I’m so thankful for the thoughts, financial support (without all those who donated to MSKCC I wouldn’t have been able to run this race, thank you a million times over!), encouragement, and prayers for this weekend.  This weekend has been a great learning and growing experience and truthfully, I wouldn’t change it for the world.

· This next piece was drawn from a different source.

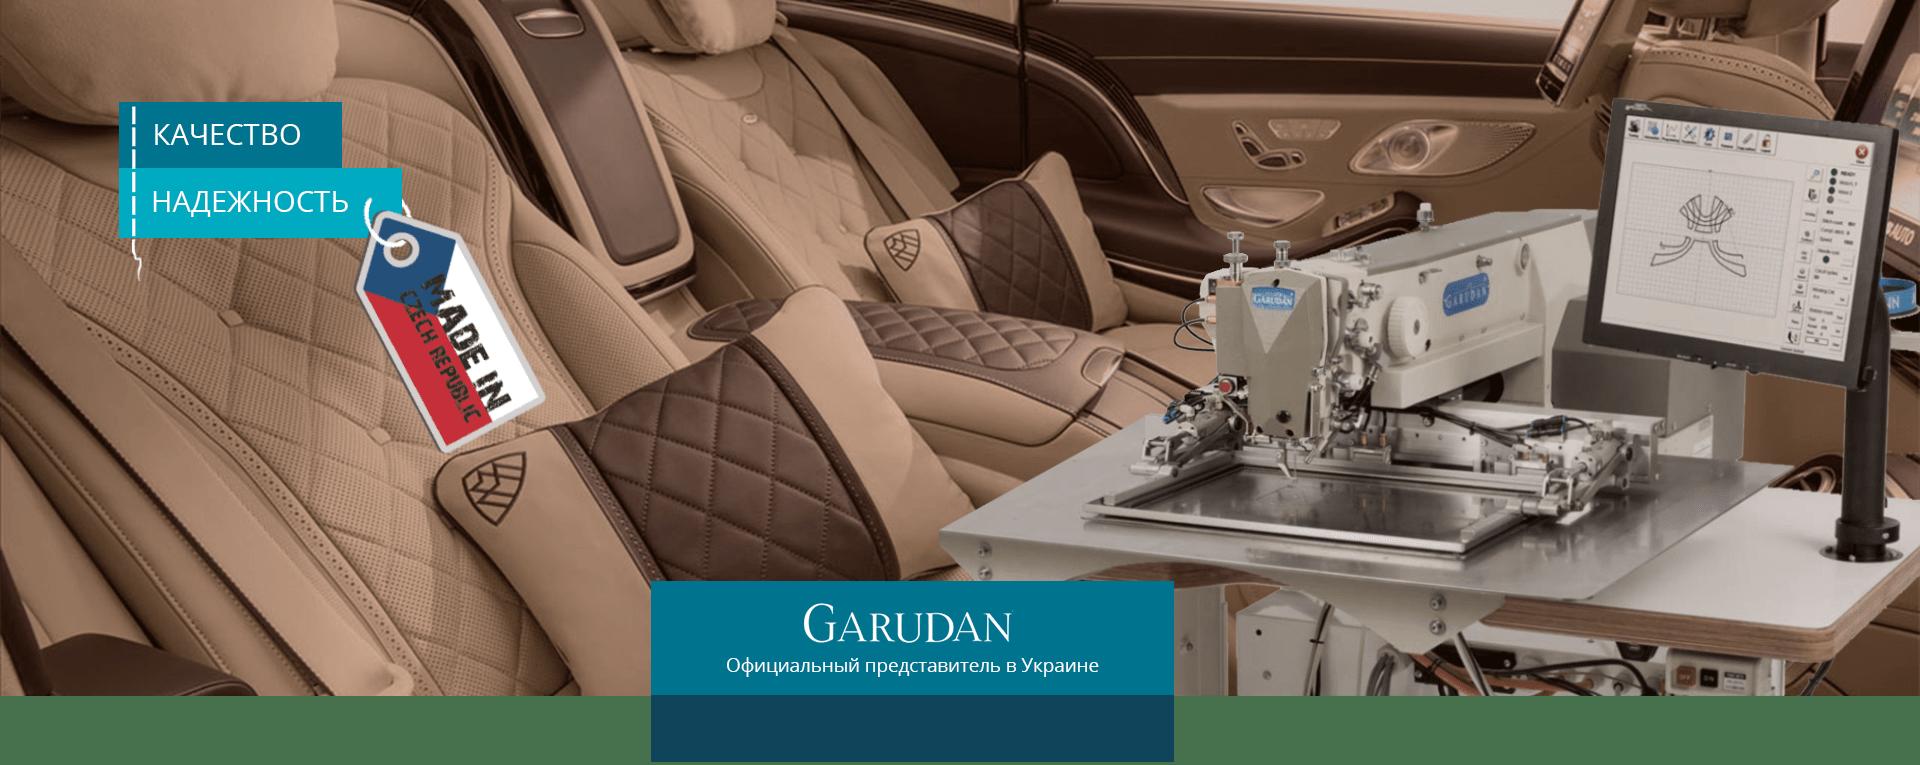 Garudan - швейное оборудование для кожи

“The distance race is a struggle that results in self-discovery.  It is an adventure involving the limits of self.” Paul Weiss

“Believe that you can run farther or faster.  Believe that you’re young enough, old enough, strong enough and so on to accomplish everything you want to do.  Don’t let worn out beliefs stop you from moving beyond yourself.” John Bingham, “Tools and Rules,” Runner’s World

“Top results are reached only through pain.  But eventually you like this pain.  You’ll find the more difficulties you have on the way, the more you will enjoy your success.”  Juha Vaatainen, 5,000m & 10,000m gold medalist ’71 European Championships

“The body does not want you to do this.  As you run, it tells you to stop but the mind must be strong.  You always go too far for your body.  You must handle the pain with strategy…It is not age; it is not diet.  It is the will to succeed.”  Jacqueline Gareau, 1980 Boston Marathon champion

“I've learned that finishing a marathon isn't just an athletic achievement. It's a state of mind; a state of mind that says anything is possible.”  John Hanc, running writer

1 comment:

  1. Woohoo! I made the blog! Haha :) Glad it is working out well for you!

    Congrats again. Sounds like you had a good time in Chicago (sort of hard not to, isn't it?) and had a...learning...experience with the run.